▸ **Source records**:

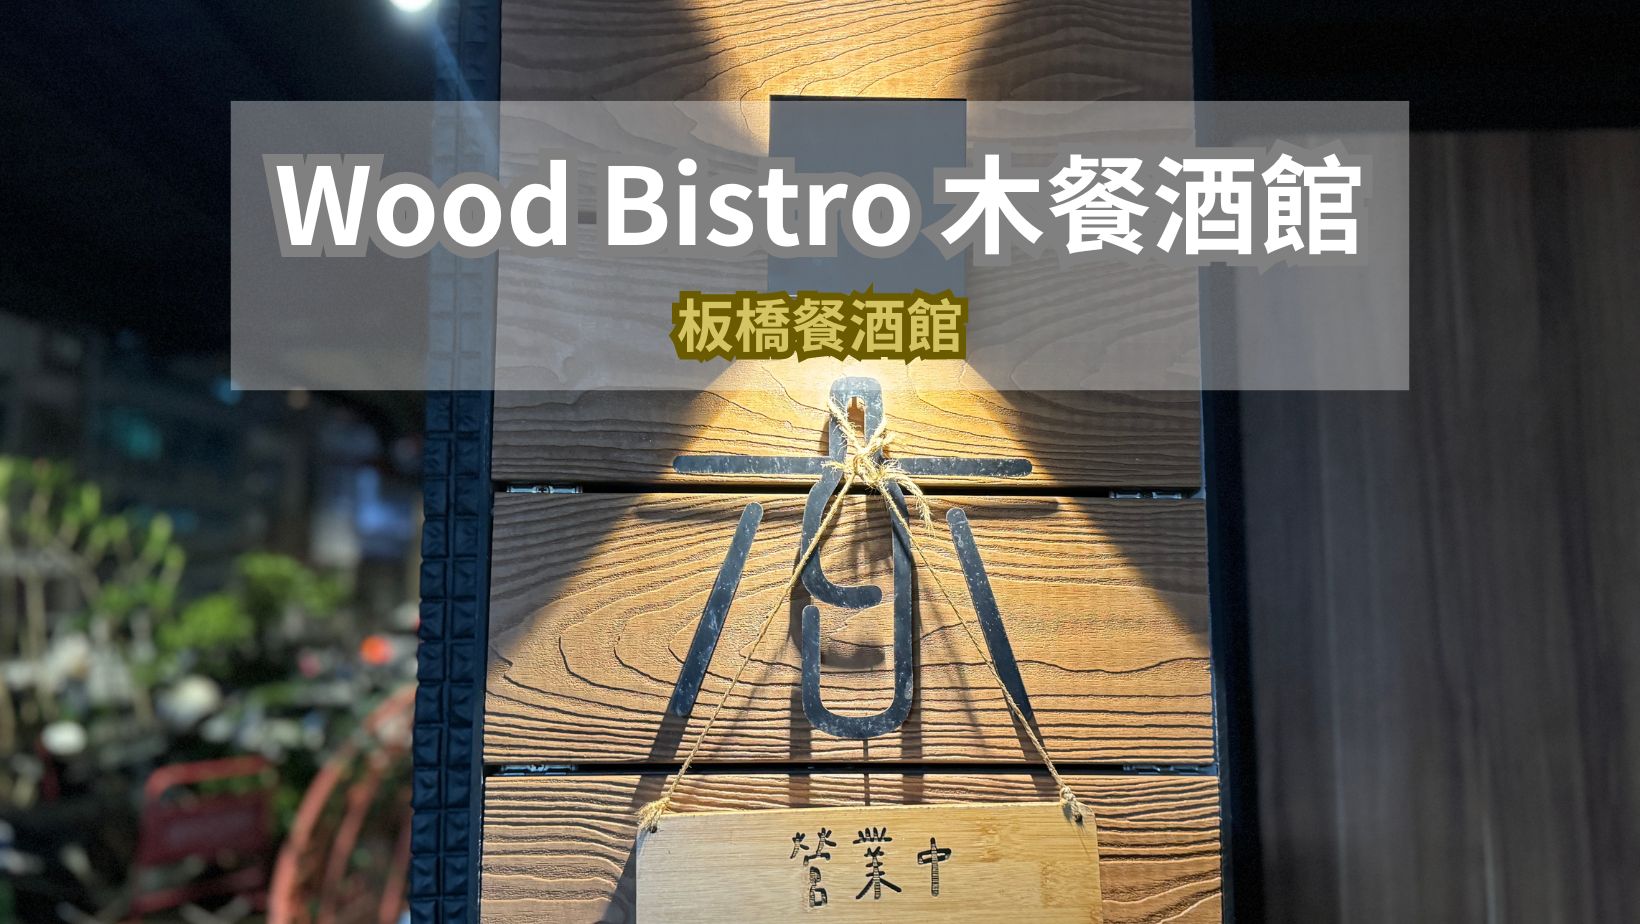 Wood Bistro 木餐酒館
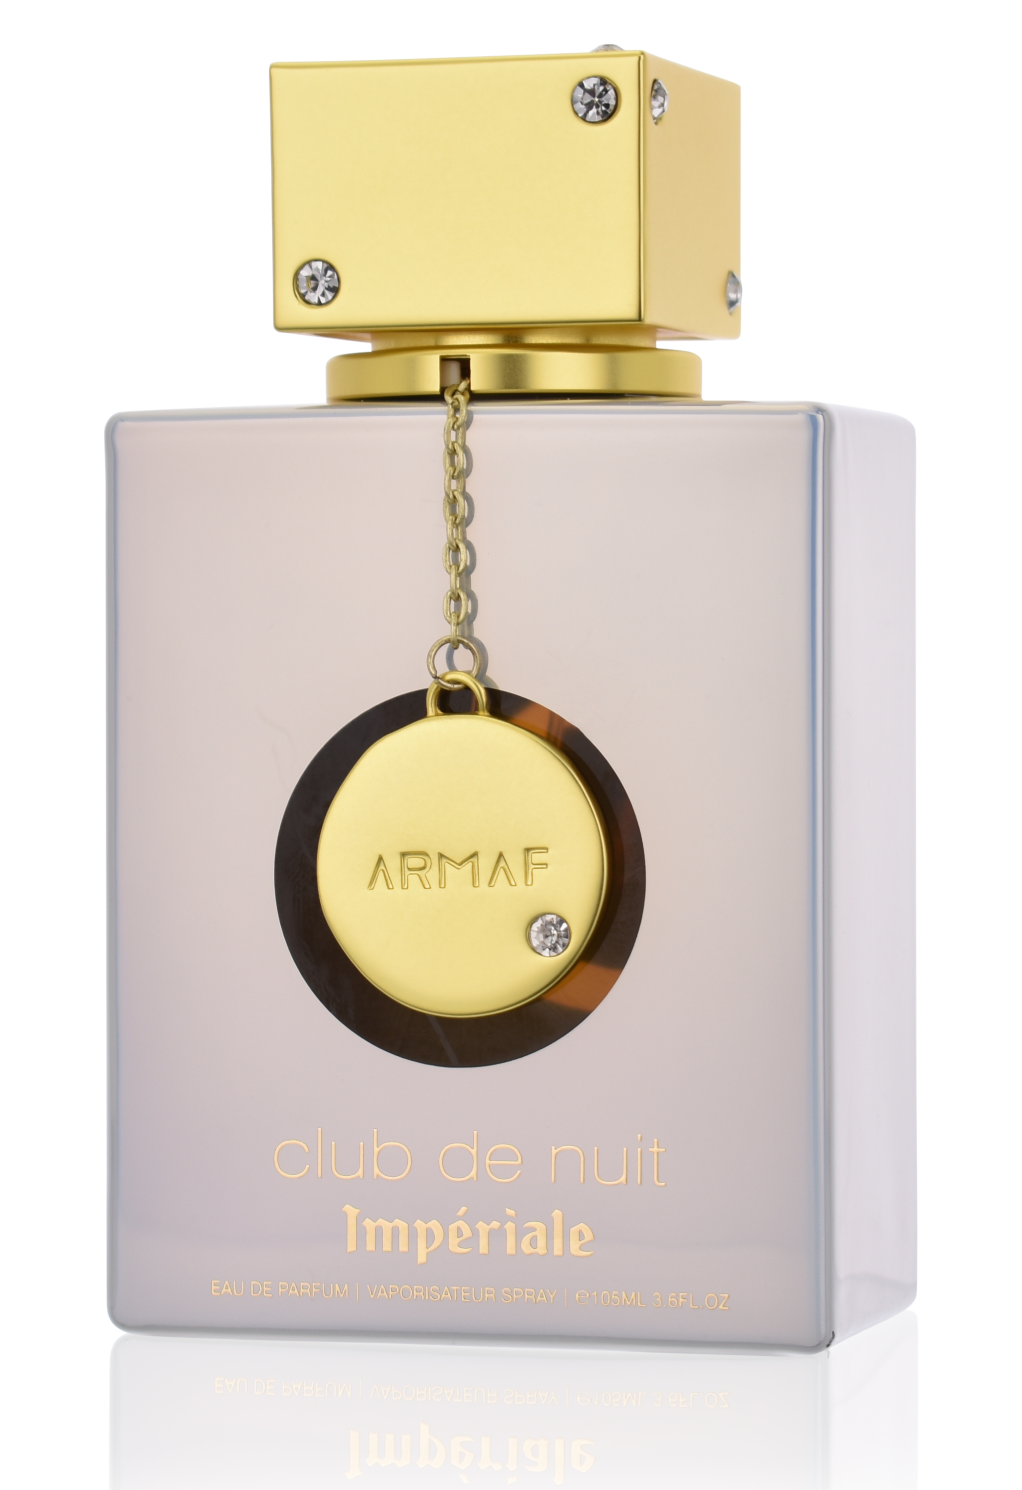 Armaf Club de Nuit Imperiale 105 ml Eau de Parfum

--

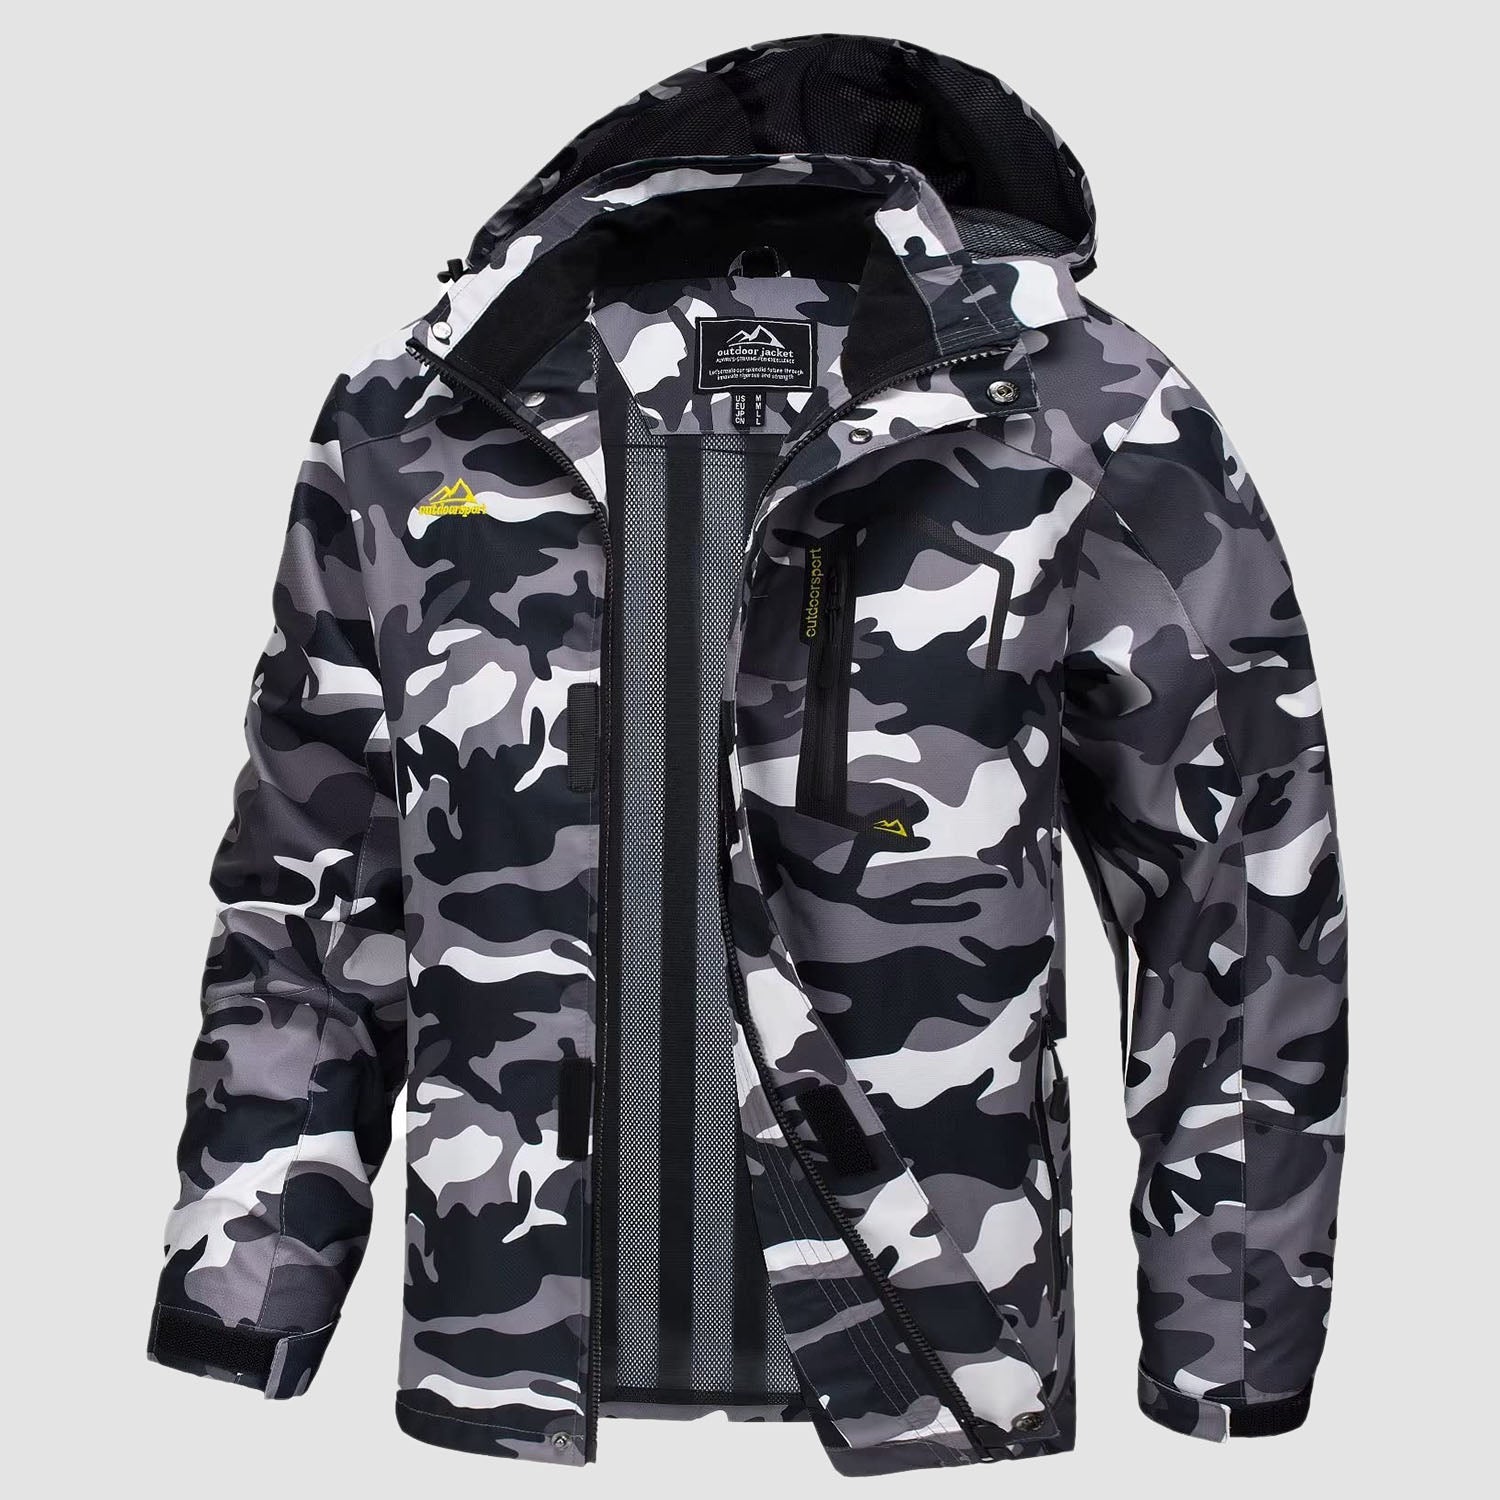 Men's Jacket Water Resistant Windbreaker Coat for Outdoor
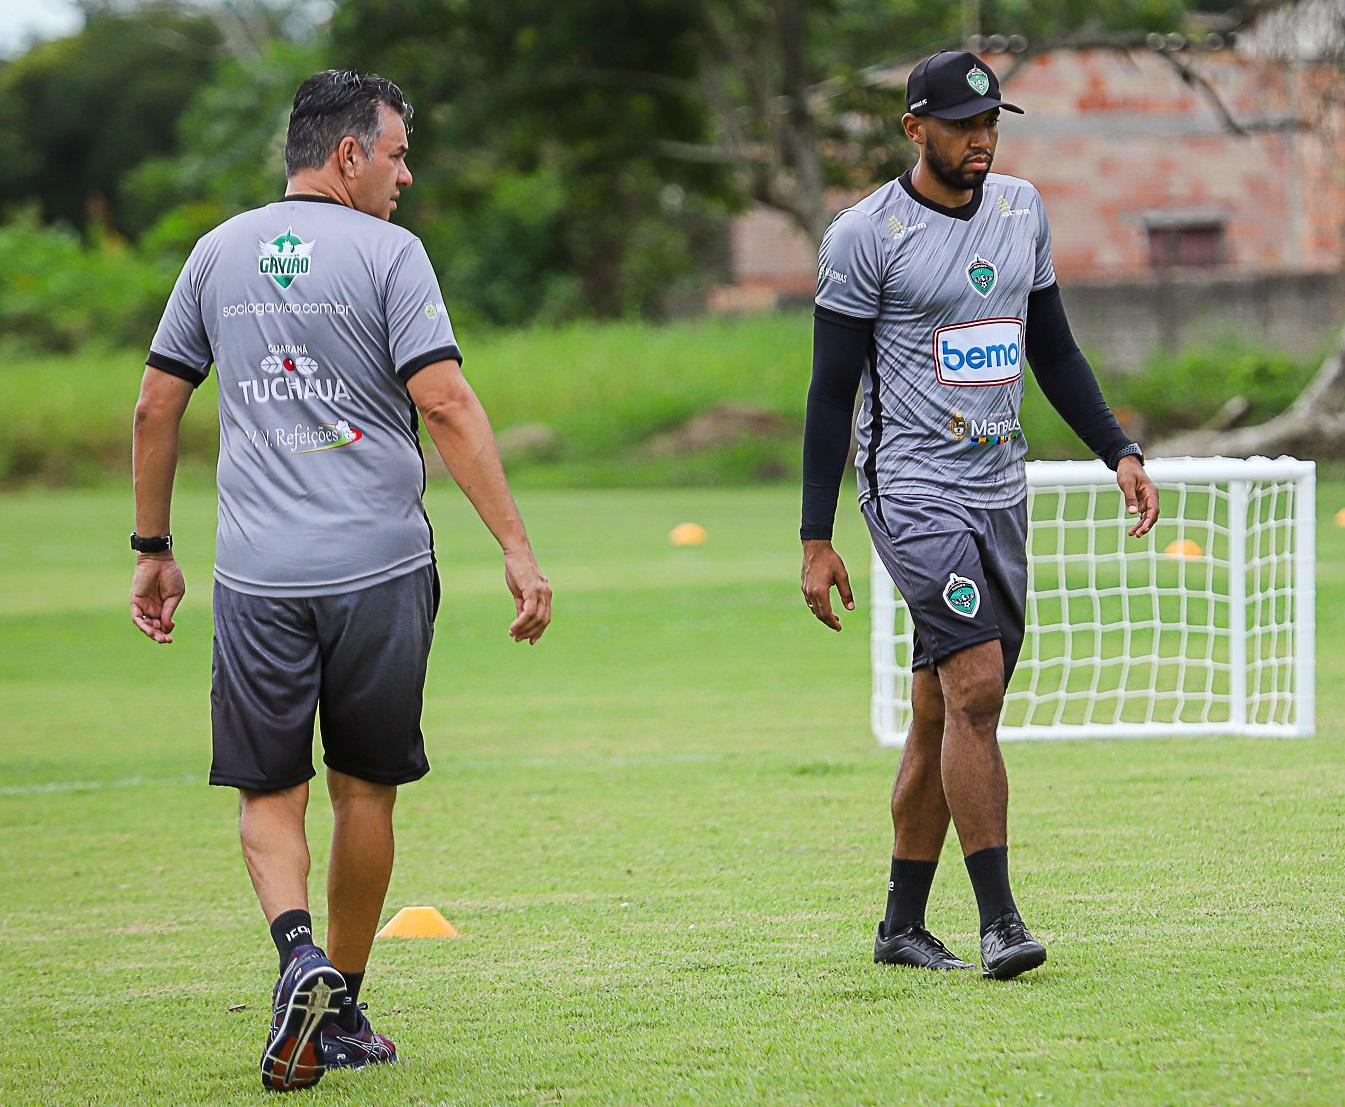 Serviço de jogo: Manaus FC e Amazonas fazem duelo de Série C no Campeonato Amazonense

▸ **Your goal**: In the listing above, find the line with "Men's Jacket Water" and the line with "Serviço de jogo: Manaus". Transcribe those two and everything between, exactly, leaving out pictures.

▸ **Written solution**:
 Men's Jacket Water Resistant Windbreaker Coat for Outdoor
 Serviço de jogo: Manaus FC e Amazonas fazem duelo de Série C no Campeonato Amazonense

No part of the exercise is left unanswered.